The company denied that, maintaining it had simply exercised a lawful contractual right. It pointed to Section 55 of the Labour Act, 2007, which preserves the right of either party to terminate an employment contract in accordance with its terms, and argued that once it made the contractual payment the matter was legally concluded.
Justice Jaiteh rejected that argument. He held that Section 55 cannot override Sections 83 and 84 of the same Act, which require every employer to have a valid reason for dismissal and to follow a fair process regardless of what a contract says.
He found that the company had failed on both counts.
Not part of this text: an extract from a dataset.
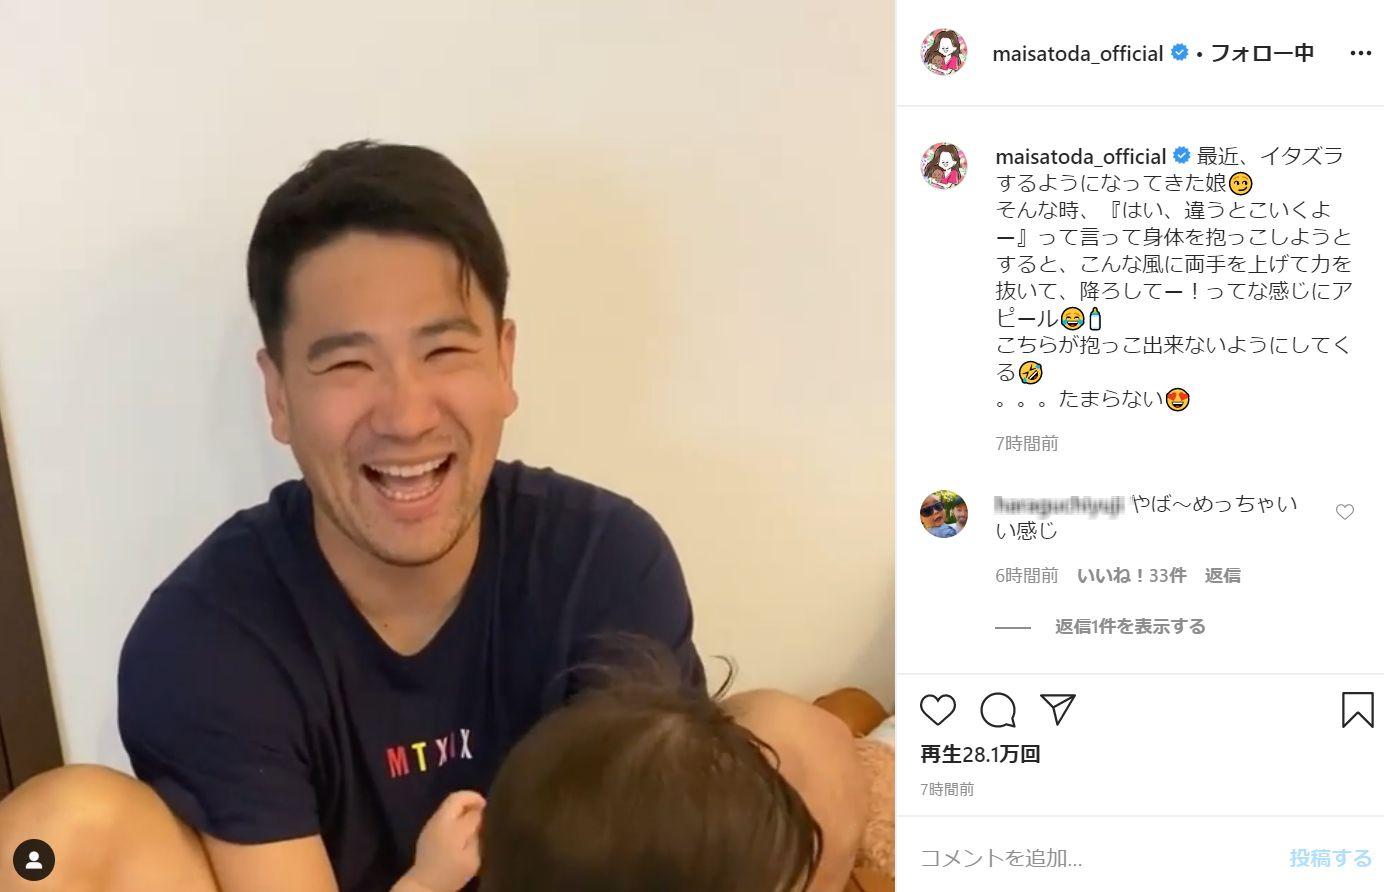 里田まい 夫・田中将大が娘をあやすデレデレ動画を公開!「マウンドとは違う、優しいパパの顔」

He further found that the pre-hearing removal of Jallow’s access to company systems, email, and equipment showed that the decision to dismiss him had already been made before the disciplinary hearing had properly concluded violating the basic principle from the House of Lords decision in Ridge v Baldwin (1964) that a person must be given a genuine opportunity to be heard before a decision affecting their livelihood is taken.
Justice Jaiteh also found that the company’s years-long tolerance of the same misconduct it later relied upon to justify dismissal, and Momodou Jallow’s consistently high performance ratings above 90%, fatally undermined the company’s case on the merits.
The court awarded 24 months’ compensation of D1,952,352.72, D153,000 in proved legal expenses, D100,000 in costs, and post-judgment interest at 4% per annum. It also ordered the company to remit all outstanding social security and provident fund contributions in Momodou Jallow’s name.
What happens next?
The stay of execution application must first be argued before the High Court, where both sides will address whether the judgment should be suspended while the appeal proceeds. The court will weigh whether the appeal raises arguable grounds, whether the company faces serious harm if enforcement proceeds immediately, and whether Jallow would be adequately protected if the stay is later lifted.
If the stay is granted, Jallow cannot enforce the award until the appeal is decided. If it is refused, enforcement can proceed even while the appeal continues.
The substantive appeal will then be heard at the Court of Appeal under Civil Appeal. Momodou Jallow’s lawyer will file a respondent’s brief setting out why each of the nine grounds should be rejected and why the High Court judgment should be upheld.
The Court of Appeal will not hold a fresh trial it will examine the record of the High Court proceedings and decide whether Justice Jaiteh made any of the legal or factual errors the company has identified.
The case now puts before the Court of Appeal is a question for employment law in county: whether an employer can use a one-month contractual termination clause to defeat the Labour Act’s requirements of valid reason and fair process and whether the D2,205,352.72 award that the High Court made will ultimately stand.